3. Regarding your observation: "the example video in your DeViBench README is a YUV444P8 video ... it's encoded in actual GBR colorspace, which is not the most efficient colorspace for video encoders optimized for YUV."

Thank you for the detailed inspection and for pointing this out! Based on your feedback, I verified the video with ffprobe and you are absolutely correct. Regarding the cause: the example video in the README was encoded via FFmpeg directly from PNG images (RGB).
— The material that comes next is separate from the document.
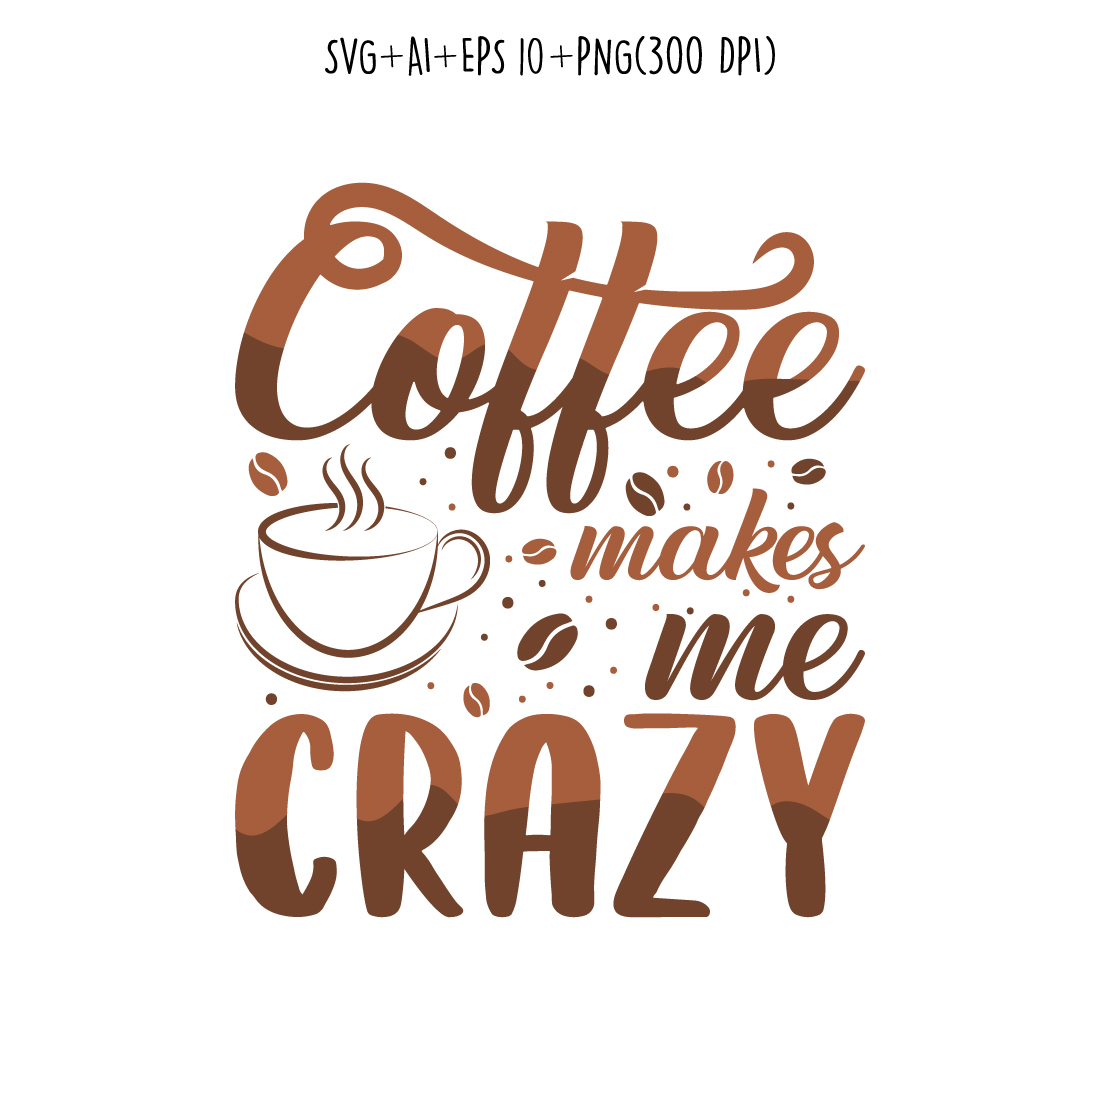 coffee makes me crazy coffee typography design for t-shirts, print, templates, logos, mug cover image.
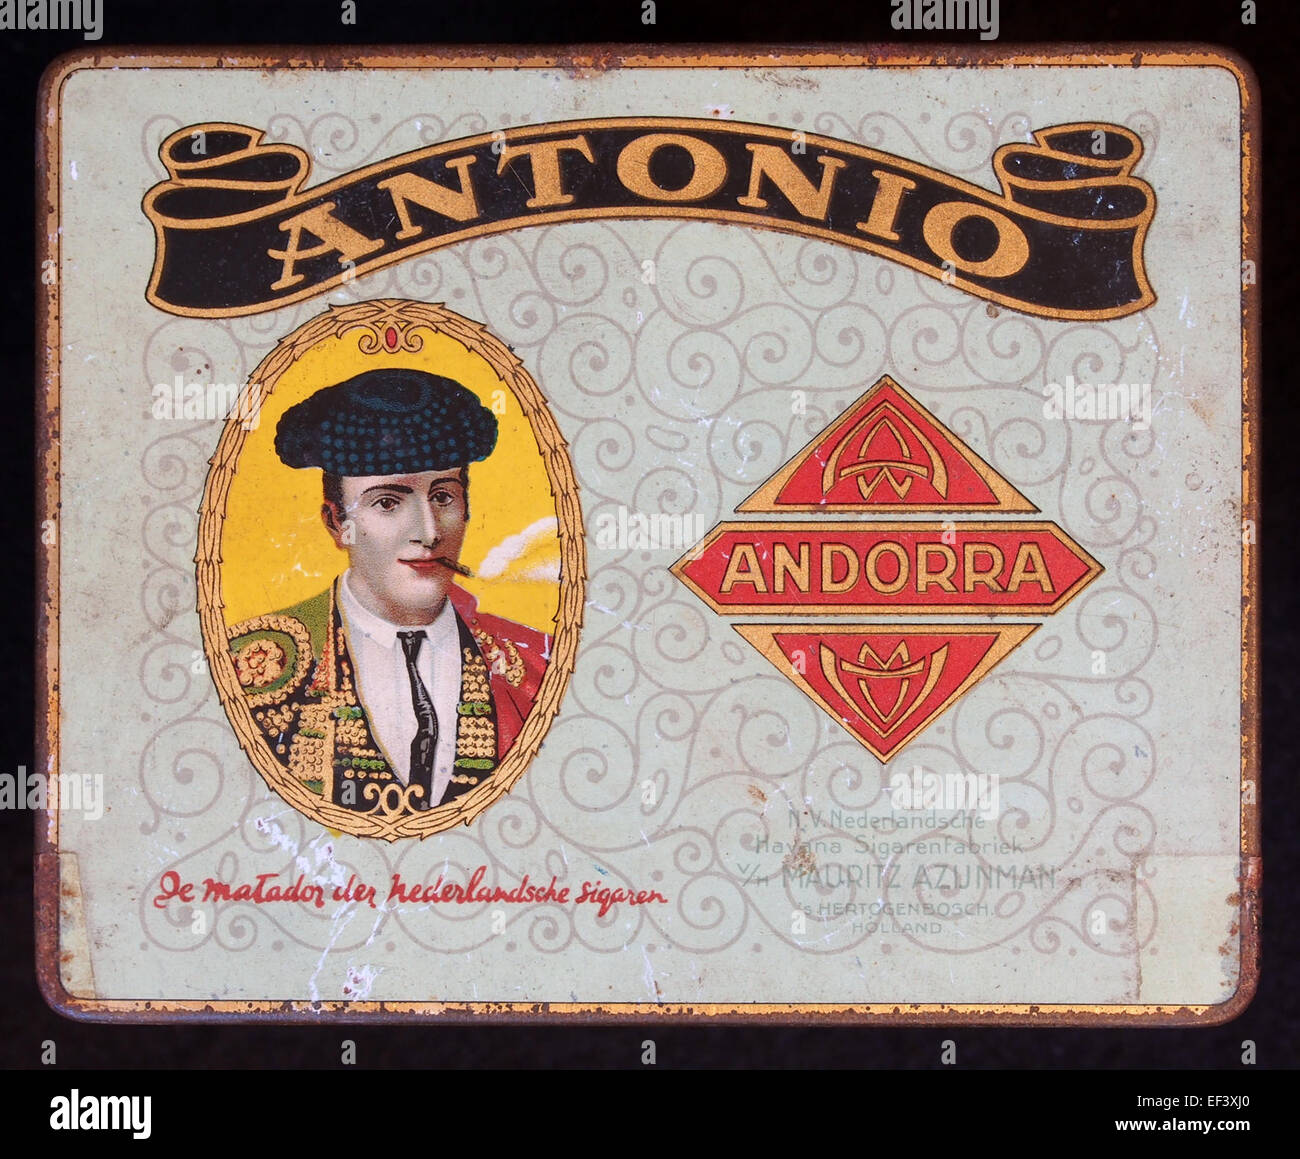 Antonio Andorra sigarenblikje Foto Stock

Since I omitted the -pix_fmt yuv420p flag during that process, the output defaulted to a GBR (4:4:4) stream.

However, please note that this does not affect the conclusions in the paper. The quantitative experiments (Figure 9) were conducted using the Kvazaar encoder taking raw .yuv files (standard yuv420p) as input. Therefore, the actual experimental data is strictly based on standard YUV formats.

I really appreciate you taking the time to analyze the stream—it’s a great catch regarding the demo visualization.